Oh, the Places You'll Go

New York City and Eutaw, Alabama are both great places to spend a weekend.

Two weeks ago, we surprised our daughter, Sarah, with a 17th birthday trip to New York. The weekend was amazing and so much fun for a mom and daughter. We did all the “touristy” things – Central Park, Rockefeller City, Staten Island Ferry, Statue of Liberty, Times Square, Broadway, Chinatown, a deli, Greenwich Village and SHOPPING! We flew, walked, boated, rode the subway, took the bus and taxis. I was reminded of Dr. Seuss and his writing, Oh, the Places You'll Go! People were everywhere. People, people, people…Going, going, going.

The following weekend I found myself in a beautiful, quiet country farm home in Eutaw, Alabama. I was one of 62 women attending a church retreat. We laughed, we ate well, we sang, some of us tried to karaoke, we listened, we shared, some cried but we were all in community. Sharing that lovely space and seeking our God and trying to learn more about His great love for us and His healing of us and His call to us.

The contrast of these two weekends is apparent in many respects. But the similarities are striking to me. People seeking, people going, people wondering: what is my purpose? Who cares for me? I’m hurting and in need of a Saviour to heal me and fill me. A Saviour who loves me even while knowing EVERYTHING about me.
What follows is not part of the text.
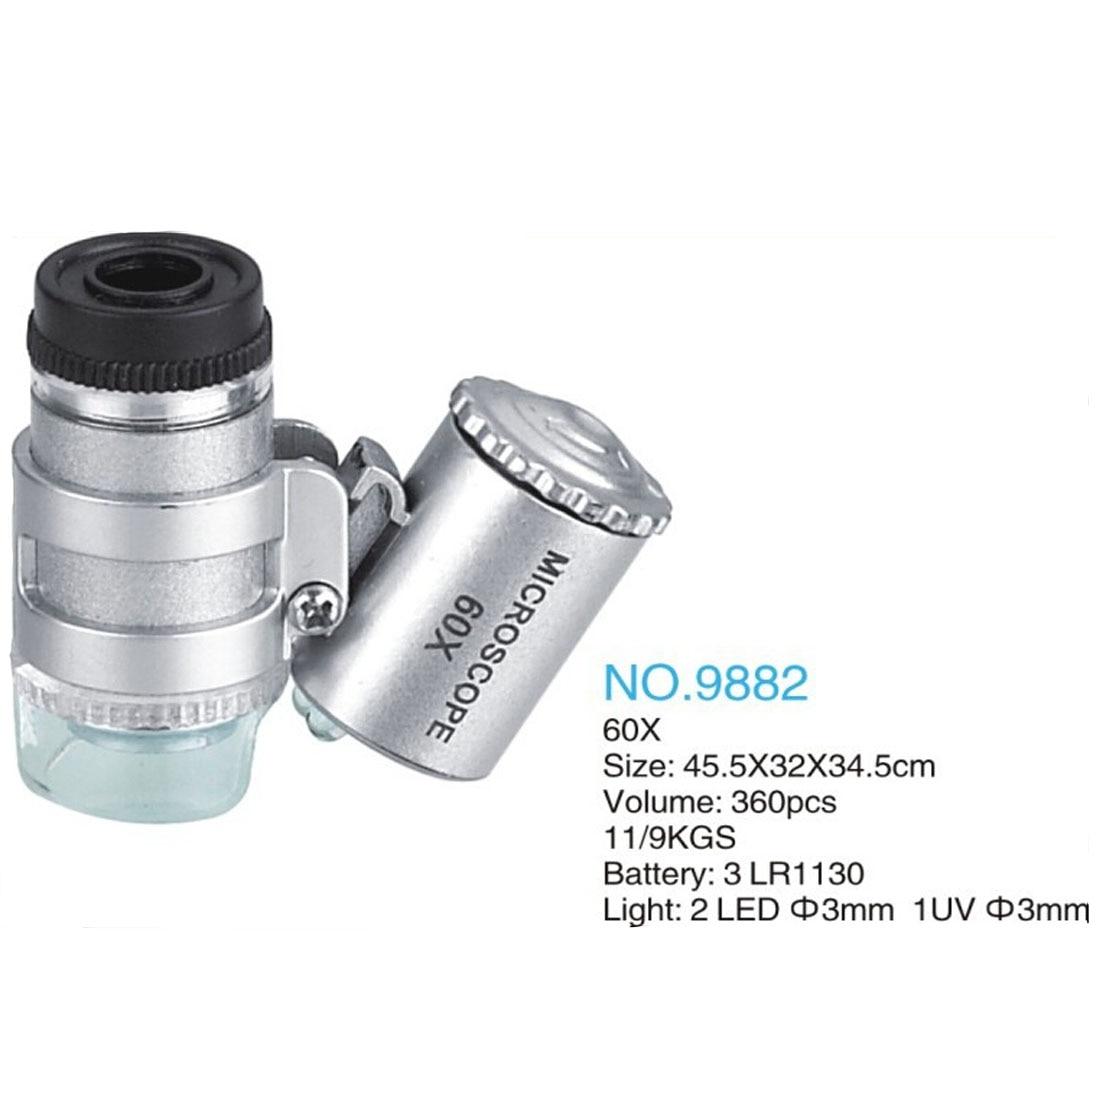 60X Mini Microscope Jeweler Loupe Lens Illuminated Magnifier Glass 3 LED With UV Light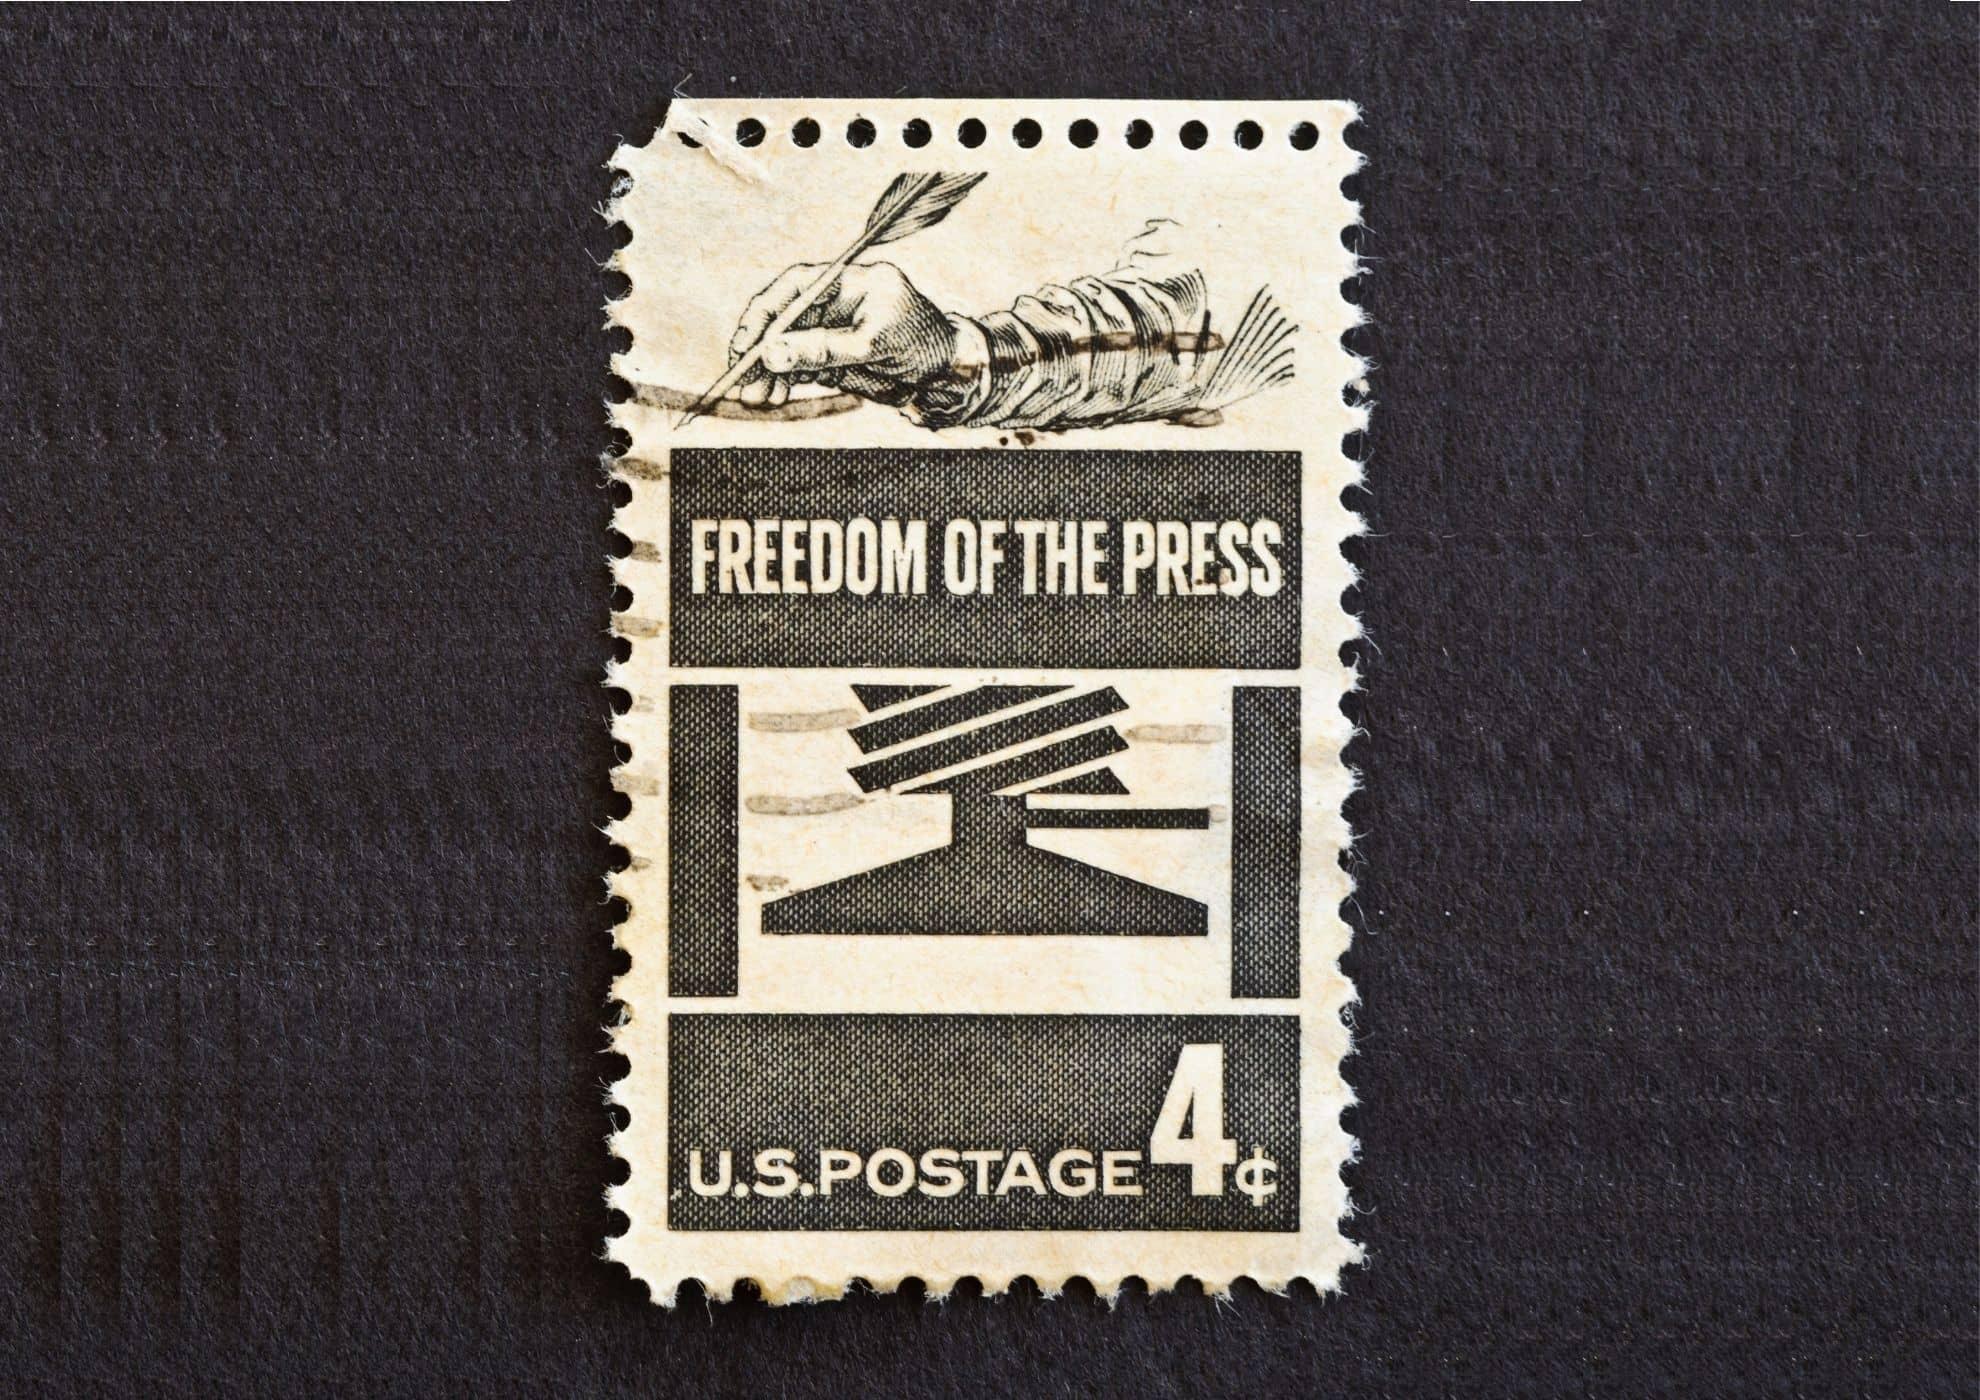 freedomofthepress.featured image (1)

We live as though our going and going will find this place of acceptance. If I move here, If I get this job, if I receive this education, if I love and marry, if…..if….When actually, all the going can stop as the Saviour is simply waiting for us to see Him and stop all the self-striving.
There are so many people in New York, in Eutaw, in Tuscaloosa, in Egypt, in China, in Haiti, in Corpus Christi, in Fort Worth, in Russia, in Atlanta, in Starkville, in Nepal, in Sudan….waiting and striving to hear.

Who will tell them? Is it you? Or me? YES, it’s us. Let’s run to tell this Good News.

Excerpt from
Oh, the Places You'll Go! Dr. Seuss

...for people just waiting.
Waiting for a train to go
or a bus to come, or a plane to go
or the mail to come, or the rain to go
or the phone to ring, or the snow to snow
or waiting around for a Yes or a No
or waiting for their hair to grow.
Everyone is just waiting.

Waiting for the fish to bite
or waiting for wind to fly a kite
or waiting around for Friday night
or waiting, perhaps, for their Uncle Jake
or a pot to boil, or a Better Break
or a string of pearls, or a pair of pants
or a wig with curls, or Another Chance.
Everyone is just waiting.


So I pray: Lord, in this city where I live, I profess to know you and love you. I go to church and even teach Sunday School. I sing praises to you. I seek your wisdom for my life and my family. But now I realize I don’t see those around me who are waiting. Waiting to hear about you, waiting to know your touch and your love. Give me eyes to see, give me your heart to love. Who is waiting in my world?